I recently sold my Carbon Marine CastingPillar. I've been very happy with the product but will not use it on my Native Skiff. So after putting it up for sale I got a contact from a gentleman on the Maverick site who wanted to barter for a custom built fly rod. His company, Blue Ridge Rods builds custom made one off fly rods. 

I went to ship the platform yesterday but wanted to clean the Seadek as it had some stains and ground in foot dirt from a few years of use. I've tried several products over the years and while some got the Seadek sort of clean none got it completely clean. 

I called Bob from Shallow Water Customs to ask his opinion. He said to swing by and try his deck cleaner that they use on every customers boat, Seachoice Non Skid Deck Cleaner with PTEF, Starbrite carries a similar product.










This stuff was awesome! Simply wet the surface with water then hit it with a few sprays of the non skid deck cleaner, scrub with a good brush to form a healthy foam. Then let it sit for a minute or so. Last rinse off. It took all but three small dot sizes stains off the Seadek. I was so impressed I bought two, one gallon, jugs! 

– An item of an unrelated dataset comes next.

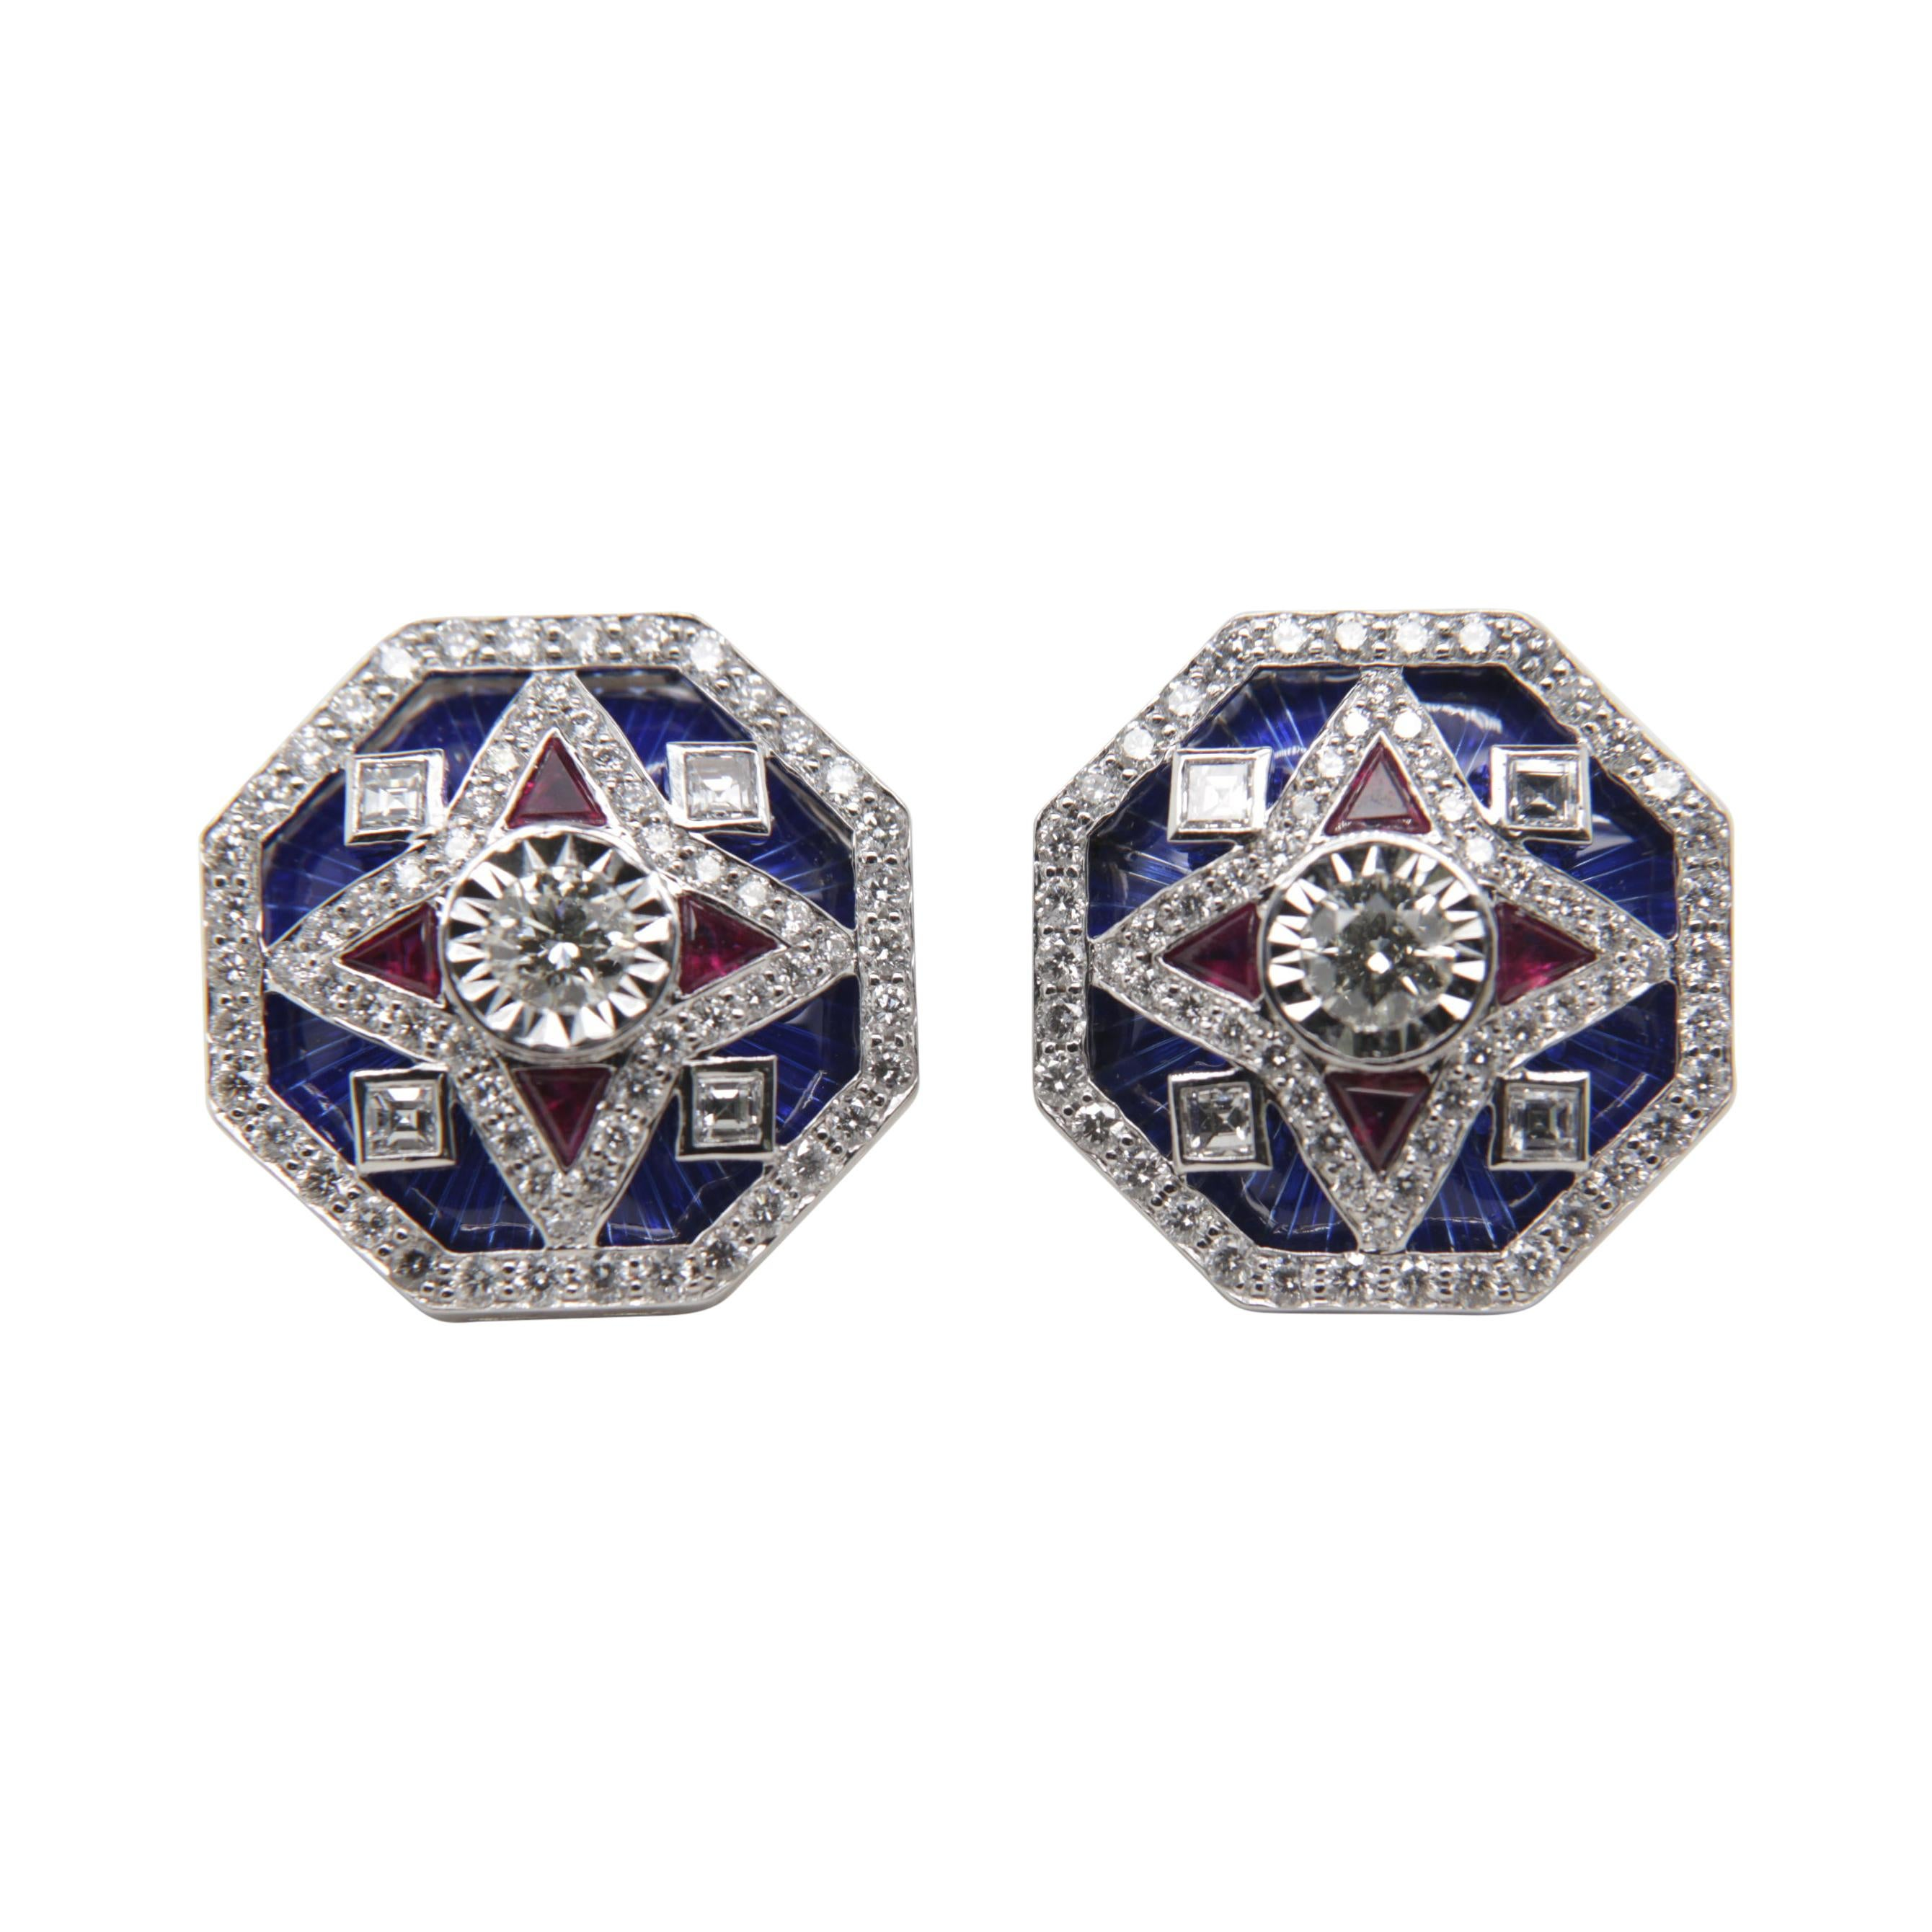 Diamond, Ruby and Enamel Cufflinks in 18 Karat Gold

Bob said this is the only cleaner they use for customer boats with or without Seadek. I can see why! 

I am going to do a little before/after set up with a dirty poling platform on the Waterman soon. I'll post the pictures here.

Cheers
Capt. Jan


----------



## Lil_Tate (Dec 18, 2006)

I use some simple green and a little bleach in a bucket.
If you've used that as well, how would you say this compares to the cleaner?

Does it strip the wax?


----------



## iMacattack (Dec 11, 2006)

I've used simple green. I've also used diluted bleach, problem with bleach is it's very harsh on vinyl. Ruined a cooler cushion using products with bleach. Buddy of mine ruined his cushion on his Action Craft using products containing bleach too. So I refuse to use bleach on my skiff anymore for that reason. 

This stuff by far has been the most effective product to date that I've found. I bought it by the gallon (save in bulk) then pour it into a spray bottle. Another tip I got from a friend, he leaves the seal under the cap on the jug, then punched a couple small holes in the seal and simply squirts it on his deck where he needs. Killer "do more with less" tip!

From what I was told it does not strip wax, but does leave a protective coating that is not slippery. That's what the PTEF is for.

Cheers


----------



## MATT (Apr 30, 2007)

Magic Eraser works..


----------



## mark_gardner (Mar 18, 2009)

from what i hear the starbrite deck cleaner w/ptef you speak of is now in a blue bottle found on the shelf at walmart under the atwood name, where can you get the seachoice stuff at? and how much $$$


----------